La situation du Cameroun ne fait que davantage s’enliser. L’exaspération est perceptible du fait des embastillements et des séquestrations totalement arbitraires qui sont devenus la règle de gouvernance politique. Les plus récents sont ceux survenus le 22 septembre dernier. Malgré les protestations enregistrées de par le monde, le régime policier de M. BIya est resté jusqu’ici campé sur sa position hitlérienne initiale.

Aucune disposition légale ne permet d’interpeller un citoyen et de le garder sans titre de détention.

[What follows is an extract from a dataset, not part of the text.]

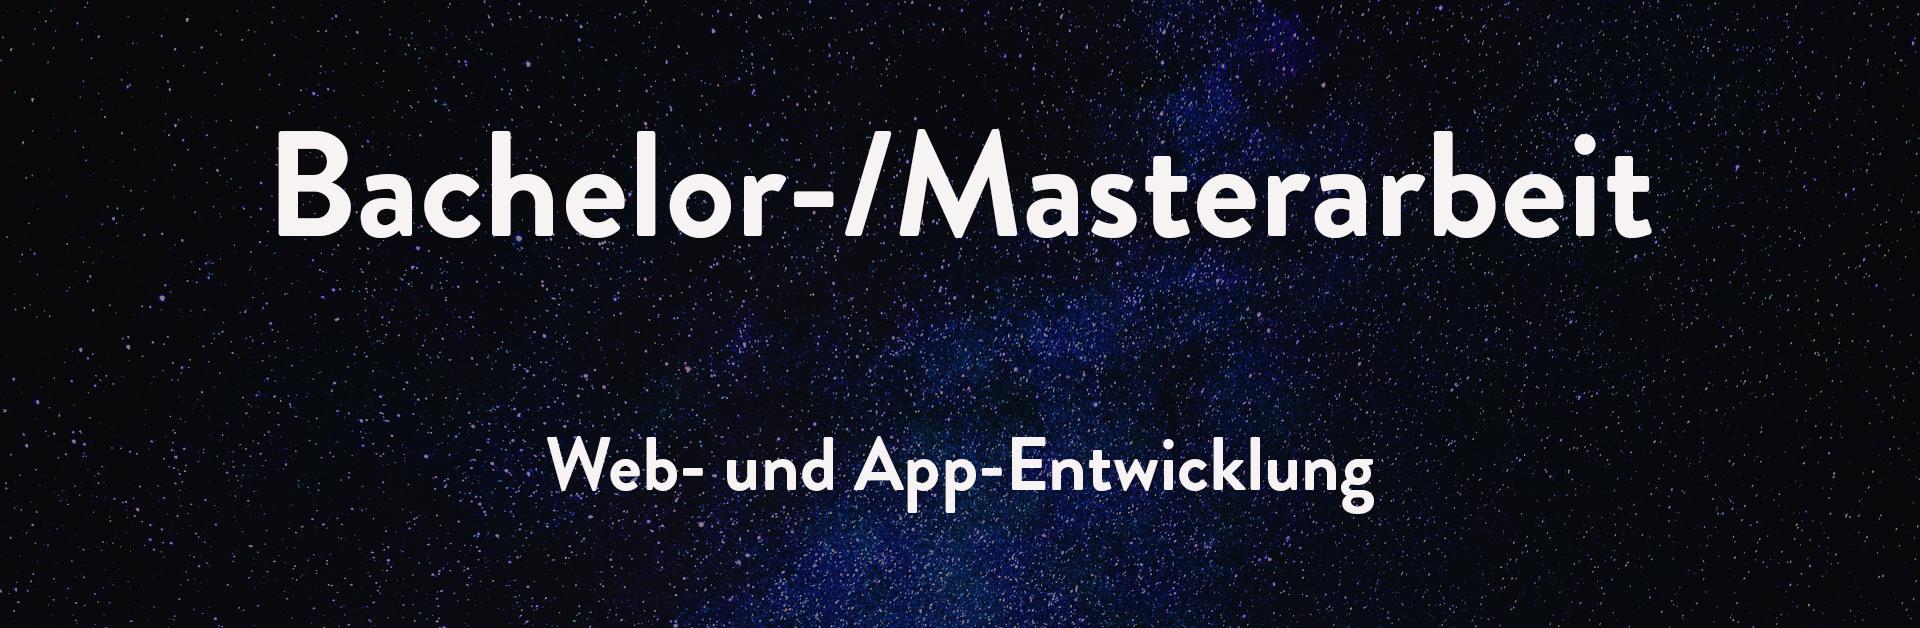 Bachelorarbeit Masterarbeit Web- und App-Entwicklung

Encore moins sans motif légal de détention tel que cela se passe actuellement.

Sommes-nous définitivement dans un État de non-droit sans limite où on peut interpeller sans titre légal en violation flagrante du Code de procédure pénale en vigueur ? Sommes-nous dans un État d’ensauvagement où de simples citoyens peuvent être non seulement retenus contre leur gré mais en plus être traduits par la suite devant le tribunal militaire sans que la moindre preuve ait été apportée que ce citoyen a été détenteur d’une quelconque arme que ce soit? La Gestapo ne ferait pas autrement.

À l’heure où le Cameroun connaît une désolation profonde au point de susciter l’émoi de Sa Sainteté le Pape François, j’exige, en tant que Député de la Nation, la levée immédiate et sans condition de la séquestration du Professeur Maurice Kamto ainsi que la libération de tous ceux qui ont été arrêtés le 22 septembre dernier et subsidiairement, que les manifestants pacifiques embastillés depuis près d’un an soient également libérés.

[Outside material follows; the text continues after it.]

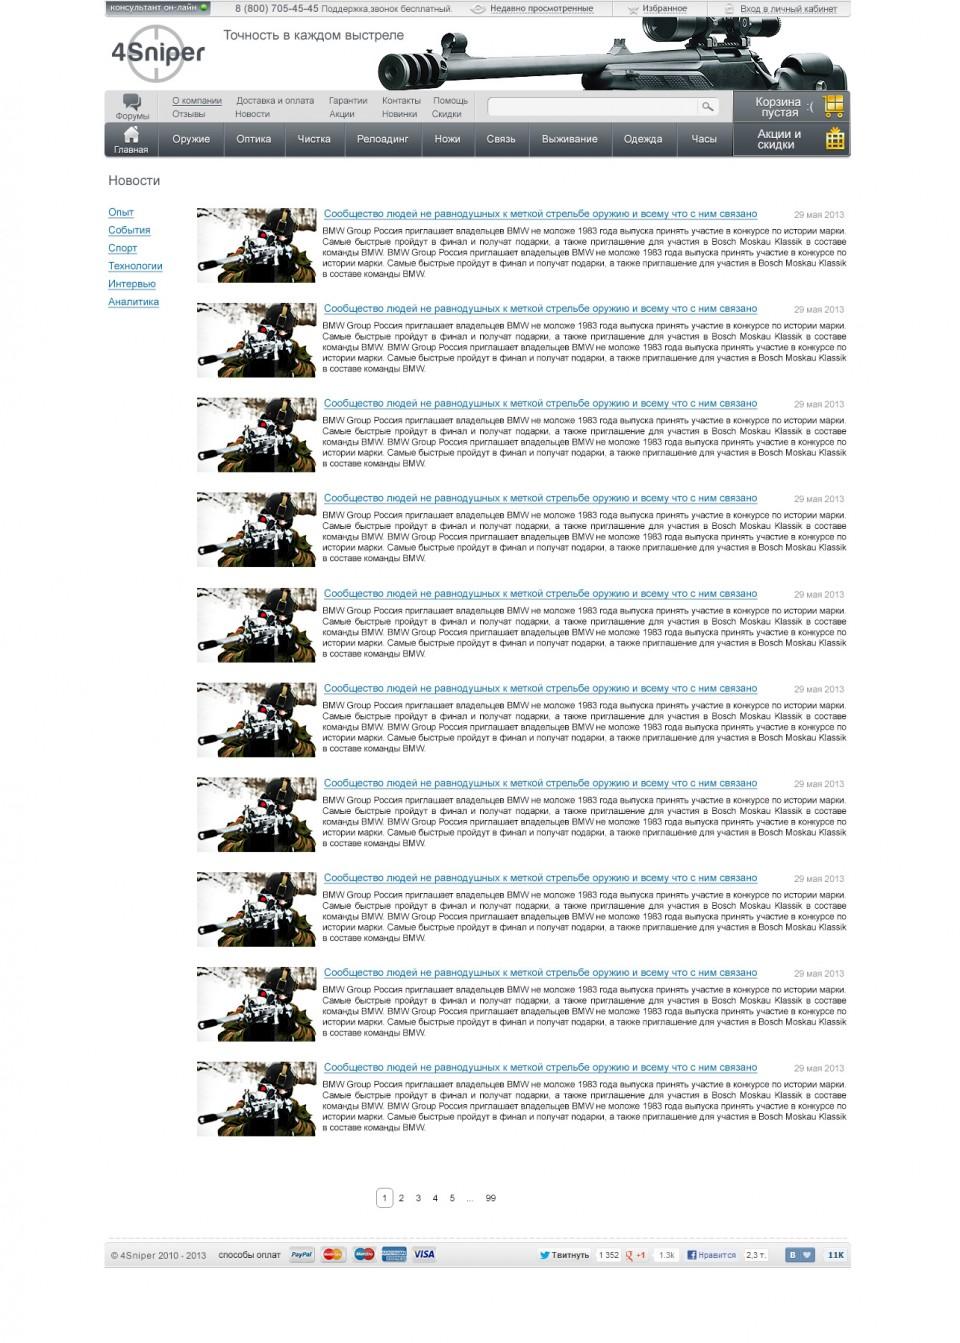 """Список новостей интернет-магазина амуниции и винтовок """"4Sniper"""""""

Nous devons absolument passer à une autre phase dans notre vivre ensemble où tous les citoyens sont libres et égaux. Le Nord-ouest et le Sud-ouest nous parlent suffisamment pour que certains narguent en permanence les citoyens parce qu’ils sont temporairement détenteurs d’une parcelle de pouvoir. Ce comportement détestable de nos dirigeants doit cesser. De toute évidence, le tribunal de l’Histoire s’en chargera.

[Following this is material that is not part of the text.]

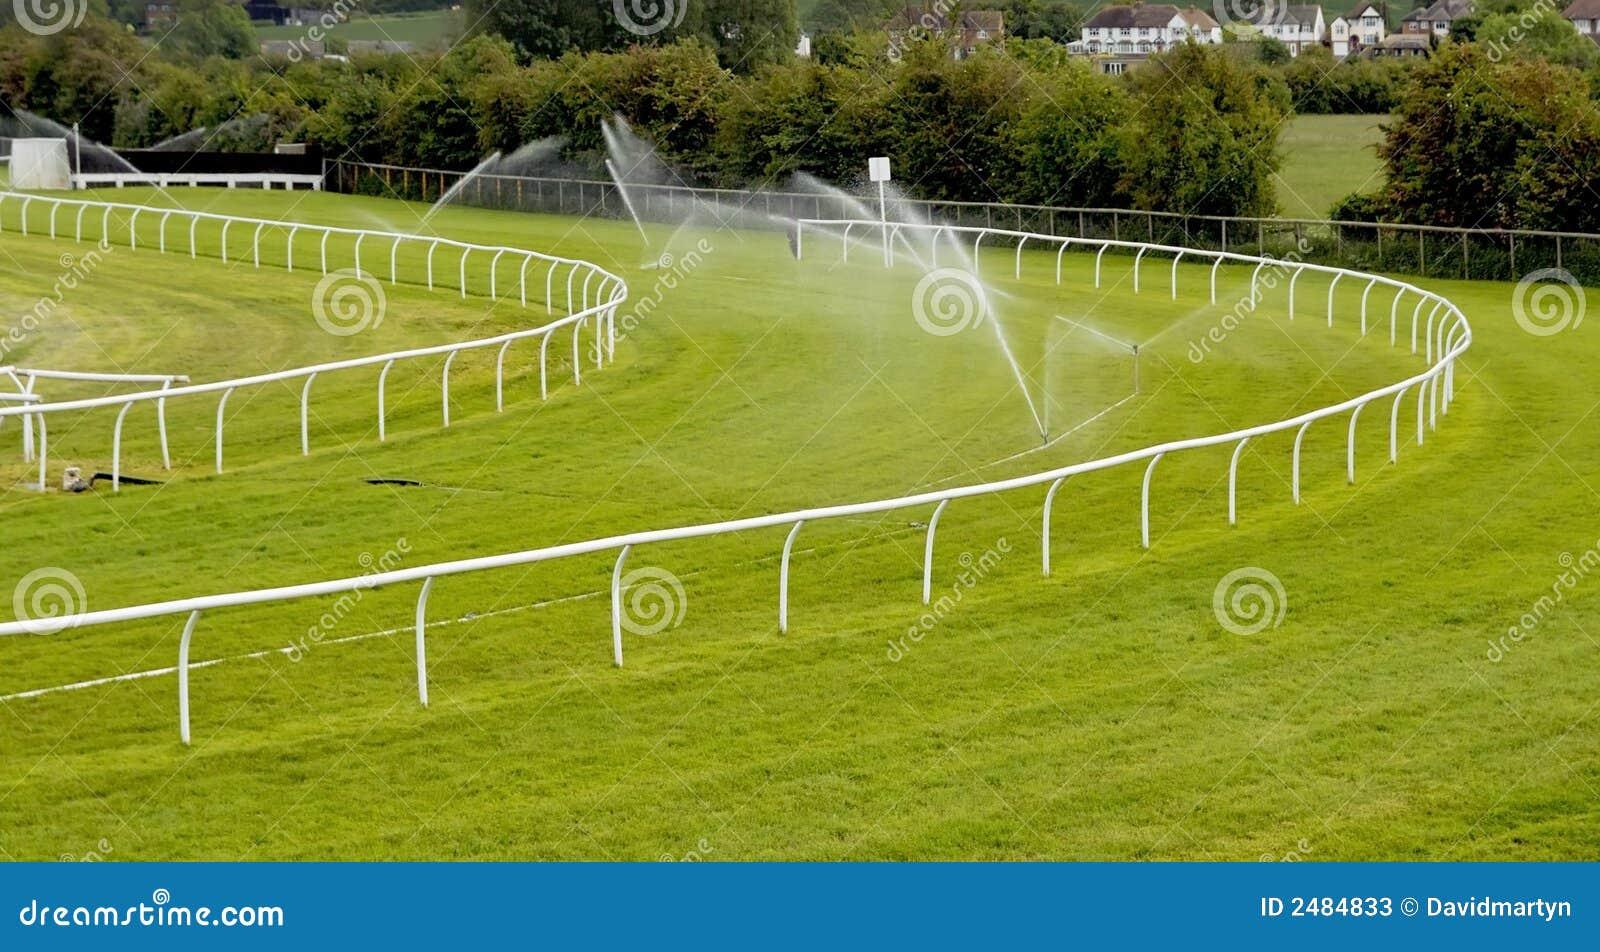 跑马场喷水隆头

« Nos arrogants habituels gagneraient tout simplement à comprendre le message du Pape ».

Le Nord-ouest et le Sud-ouest nous parlent suffisamment, où nous vivons les conséquences atroces de l’autisme et de l’arrogance de ceux qui régentent ce pays depuis 38 ans.
Le Nord-ouest et le Sud-ouest nous parlent suffisamment au point où Sa Sainteté le Pape François vient d’intervenir solennellement pour appeler de vive voix tout le monde – notamment les protagonistes de cette crise – à la raison. Nos arrogants habituels gagneraient tout simplement à comprendre le message du Pape. Avant qu’il ne soit trop tard pour eux.

Libérez tous les leaders incarcérés dans le cadre de la crise anglophone. Et asseyons-nous cette fois-ci pour entamer un dialogue inclusif franc et sincère et non pour le spectacle de l’année dernière que d’aucuns ont qualifié d’improductif pour n’avoir pas jusqu’ici apporté la moindre étincelle de paix dans ces deux régions. Asseyons-nous au besoin sous l’égide de l’Union africaine qui servira de médiateur dans ce conflit. Pour qu’on en sorte pour éteindre les foyers de tension potentiels dans notre pays. Et éviter ainsi un nouveau KUMBA.